### Data extracts:
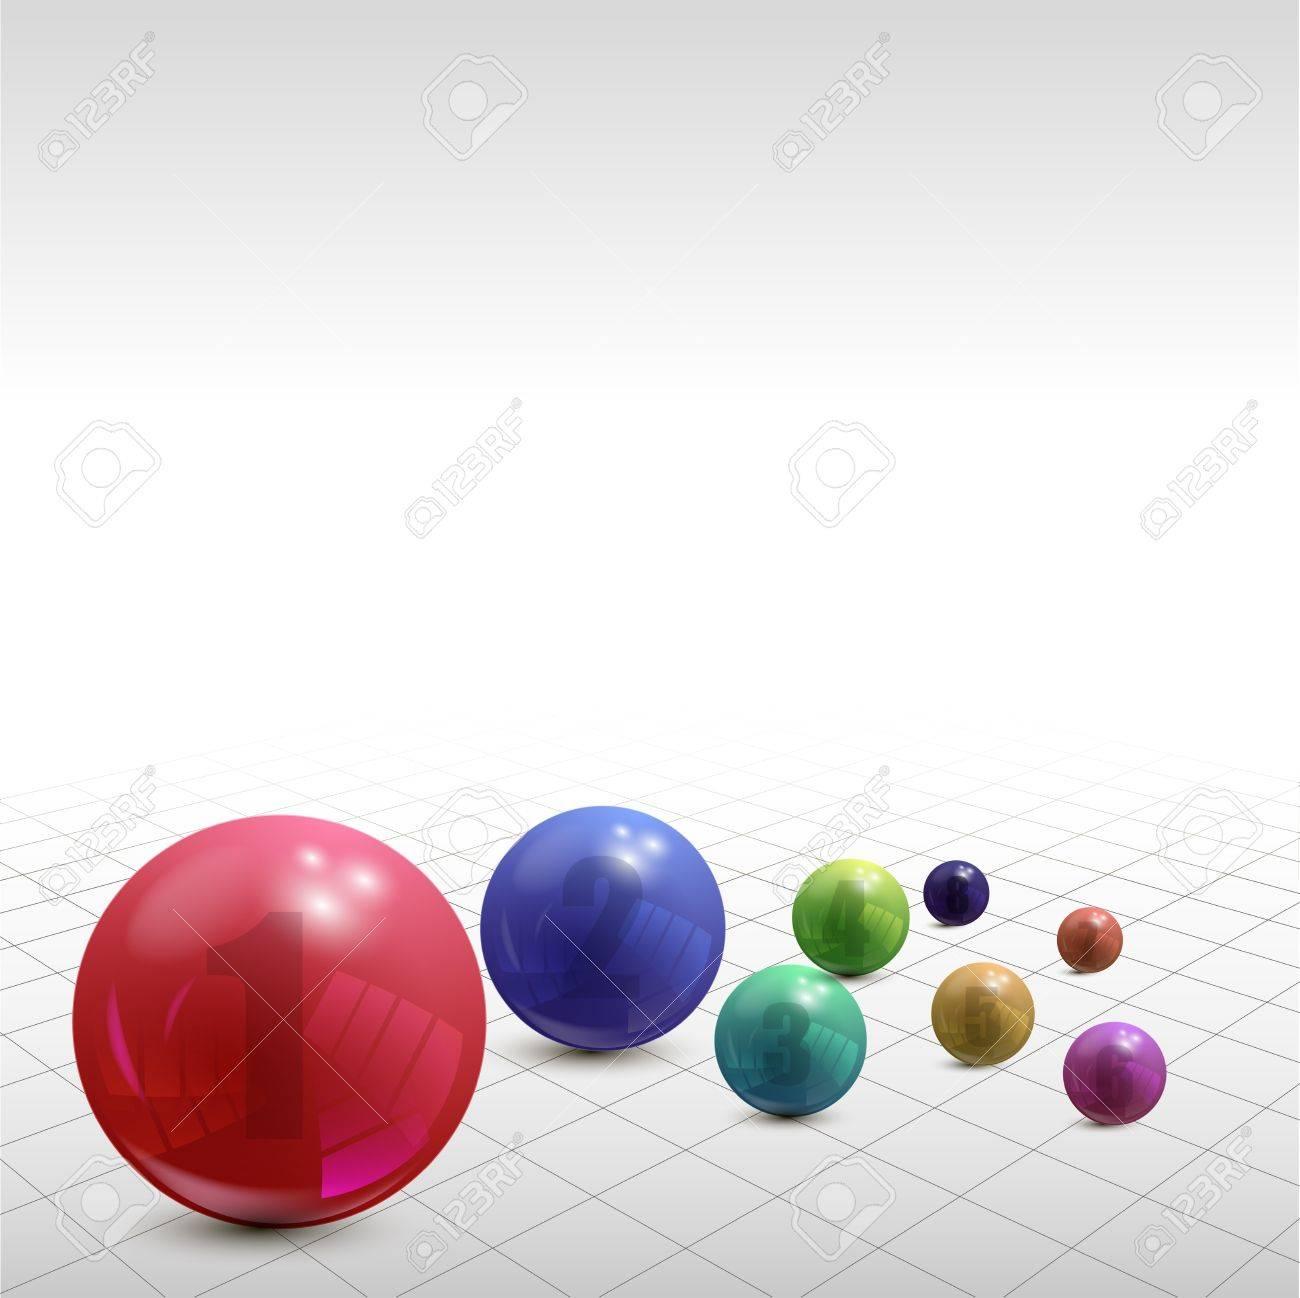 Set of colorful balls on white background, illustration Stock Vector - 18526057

---

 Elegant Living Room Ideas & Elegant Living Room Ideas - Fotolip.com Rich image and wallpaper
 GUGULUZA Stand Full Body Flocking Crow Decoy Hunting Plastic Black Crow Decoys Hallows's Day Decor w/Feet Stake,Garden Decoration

### Try it:
Above are the entries. Output exactly the lines beginning with the line that has "Elegant Living Room Ideas &" and ending with the line that has "GUGULUZA Stand Full".

### Answer to this task:
 Elegant Living Room Ideas & Elegant Living Room Ideas - Fotolip.com Rich image and wallpaper
 GUGULUZA Stand Full Body Flocking Crow Decoy Hunting Plastic Black Crow Decoys Hallows's Day Decor w/Feet Stake,Garden Decoration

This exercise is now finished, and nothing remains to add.